→ **DATA SHOWN**
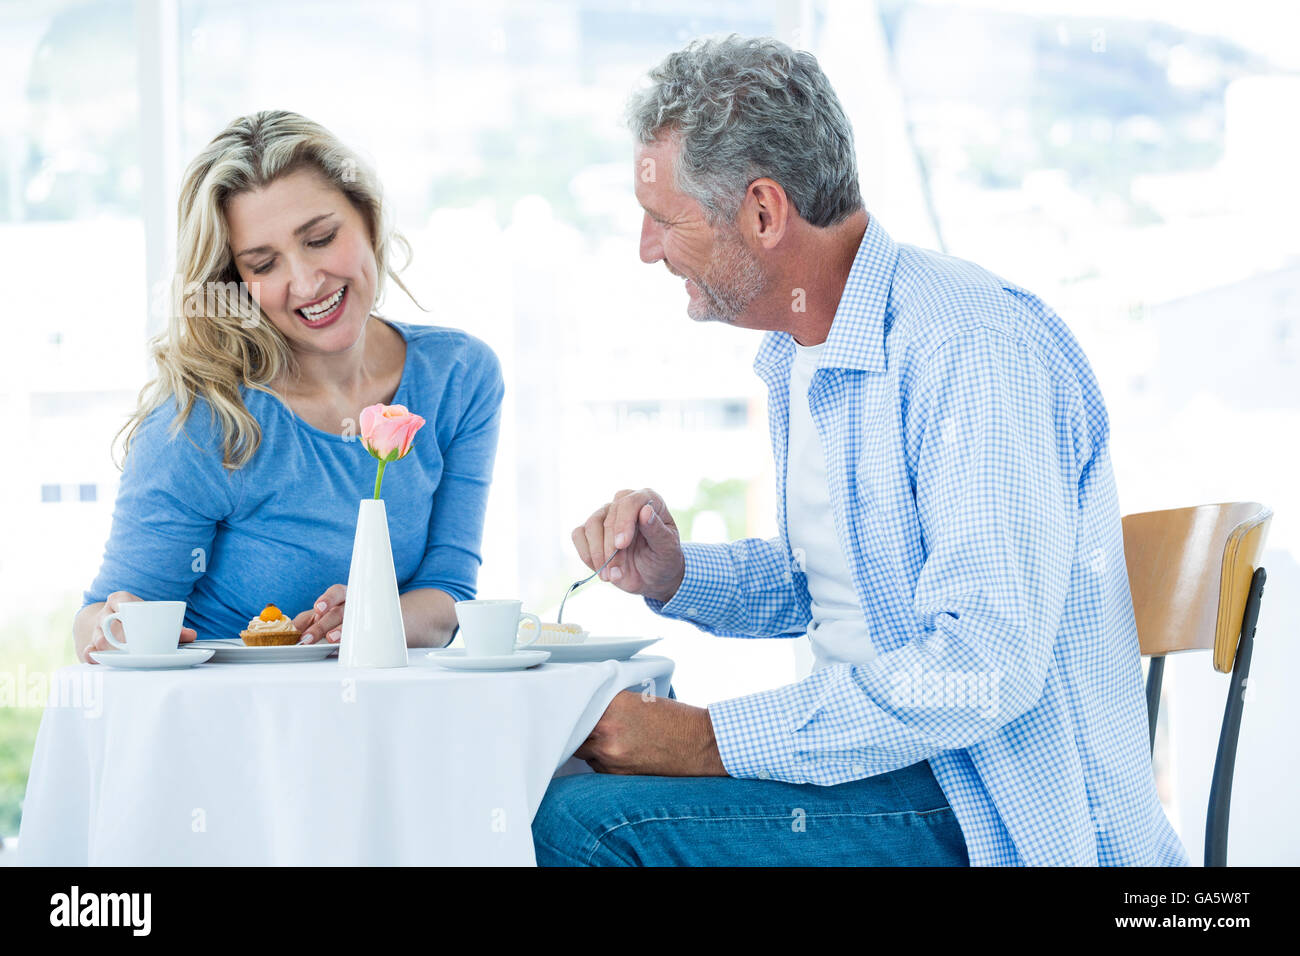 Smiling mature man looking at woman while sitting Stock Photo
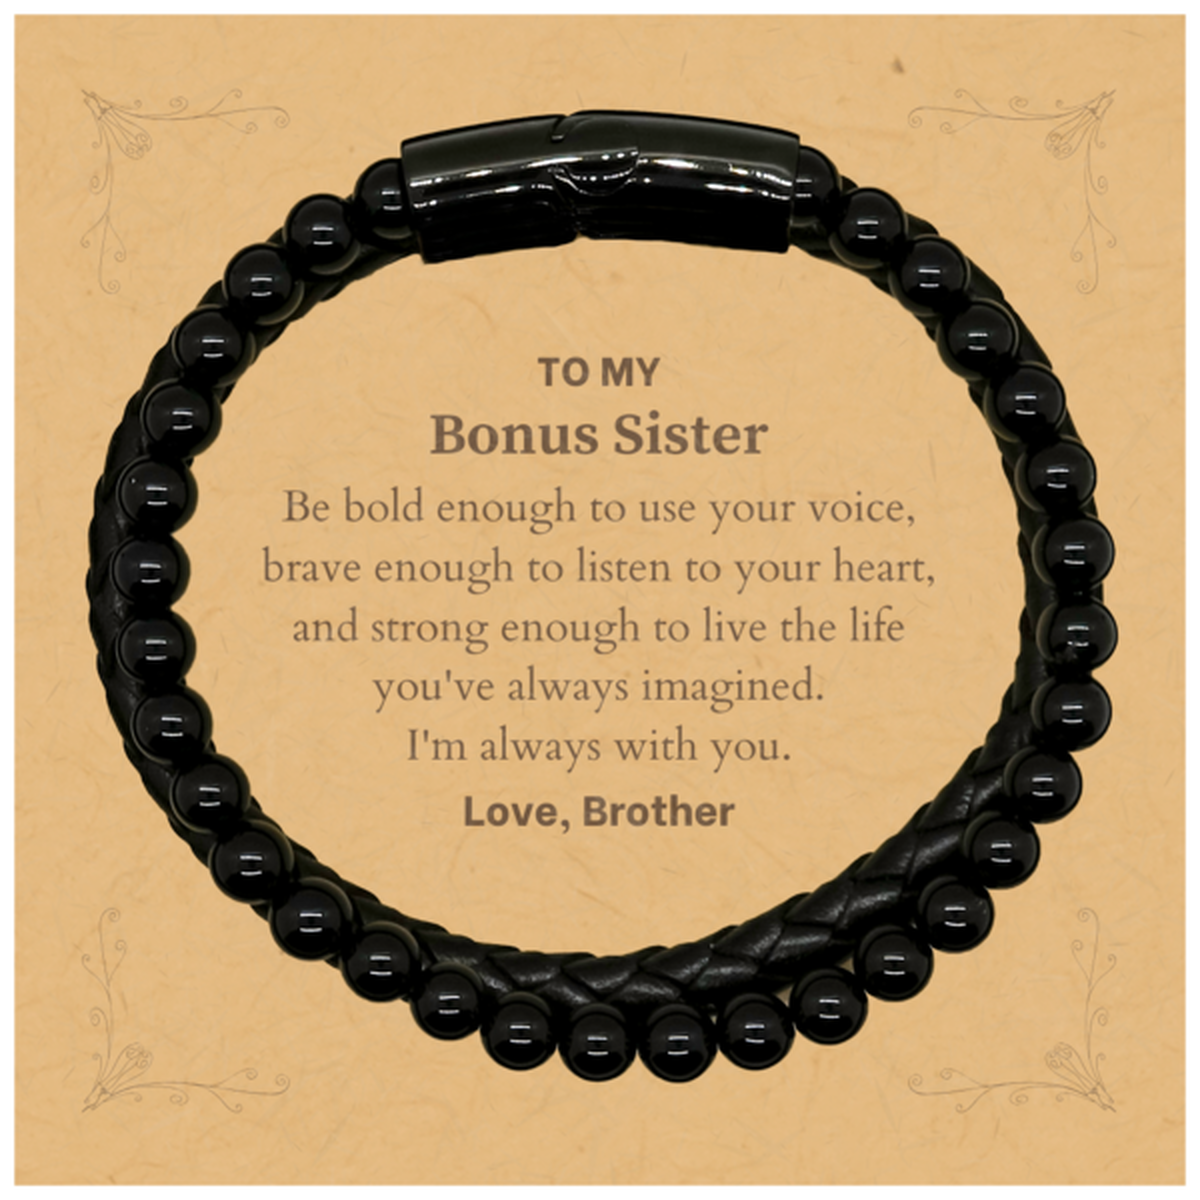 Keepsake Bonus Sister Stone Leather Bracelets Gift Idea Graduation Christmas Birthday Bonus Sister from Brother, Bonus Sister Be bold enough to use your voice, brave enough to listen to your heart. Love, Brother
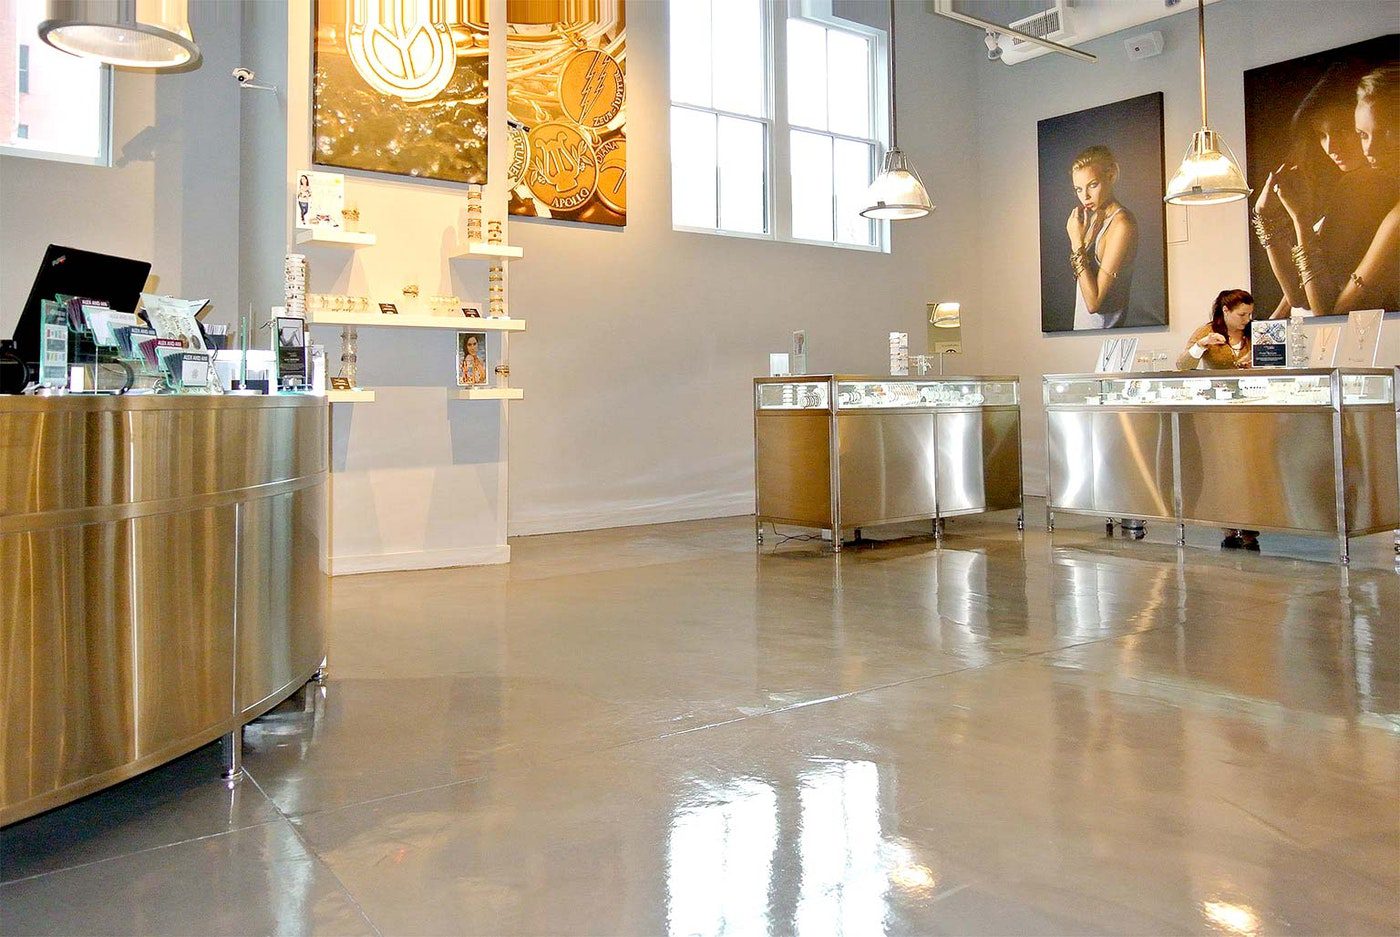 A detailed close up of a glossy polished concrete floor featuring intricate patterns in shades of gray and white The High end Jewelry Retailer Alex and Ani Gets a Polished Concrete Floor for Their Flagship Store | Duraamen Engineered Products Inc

→ **THE TASK**
Take the lines from the start of the material to the line with "Keepsake Bonus Sister", both included, and transcribe them exactly without the pictures.

→ **OUTPUT FOR THIS EXERCISE**
 Smiling mature man looking at woman while sitting Stock Photo
 Keepsake Bonus Sister Stone Leather Bracelets Gift Idea Graduation Christmas Birthday Bonus Sister from Brother, Bonus Sister Be bold enough to use your voice, brave enough to listen to your heart. Love, Brother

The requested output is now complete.